The cones are responsible for central visual acuity and color vision.
The disease may be X-linked (passed from a mother to her son),
autosomal recessive (genes required from both parents) or autosomal
dominant (gene required from one parent) trait. Since it is often a
sex-linked disease, retinitis pigmentosa affects males more than
females.
People with RP usually first notice difficulty seeing
in dim lighting and gradually lose peripheral vision. The course of RP
varies. For some, the affect on vision may be mild. Others experience a
progression of the disease that leads to blindness.
In many
cases, RP is diagnosed during childhood when the symptoms begin to
become apparent.
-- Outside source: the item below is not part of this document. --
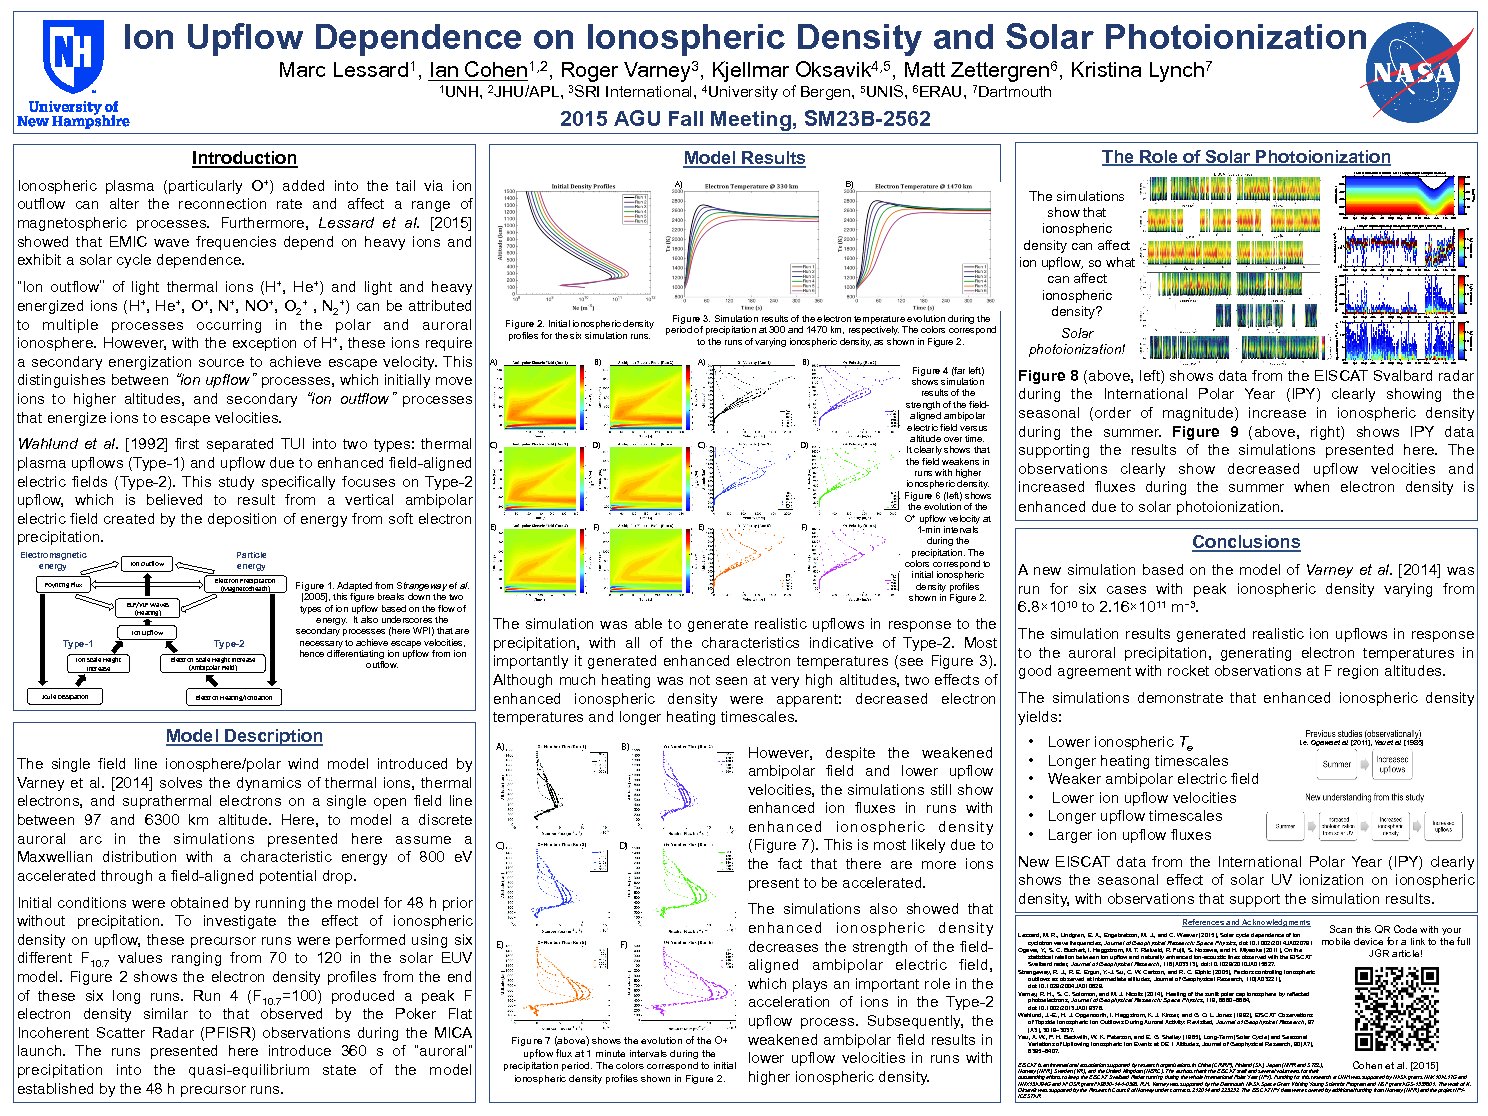 Ion Upflow Dependence On Ionospheric Density And Solar Photionization by dkenward

However, depending on the progression of the disease,
it may not be detected until later in life.
SIGNS AND SYMPTOMS
•Difficulty seeing dim lighting
•Tendency to trip easily or bump into
objects when in poor lighting
•Gradual loss of peripheral vision
•Glare
•Loss of contrast sensitivity
•Eye fatigue (from straining
to see)
DETECTION AND DIAGNOSIS
Retinitis pigmentosa is usually
diagnosed before adulthood. It is often discovered when the patient
complains of difficultly with night vision. The doctor diagnoses RP by
examining the retina with an ophthalmoscope. The classic sign of RP is
clumps of pigment in the peripheral retinal called "bone-spicules." A
test called electroretinography (ERG) may also be ordered to study the
eye's response to light stimuli. The test gives the doctor information
about the function of the rods and cones in the retina.
TREATMENT
There is currently no standard treatment or therapy for
retinitis pigmentosa; however, scientists have isolated several genes
responsible for the disease. Once RP is discovered, patients and their
families are encouraged to seek genetic counseling.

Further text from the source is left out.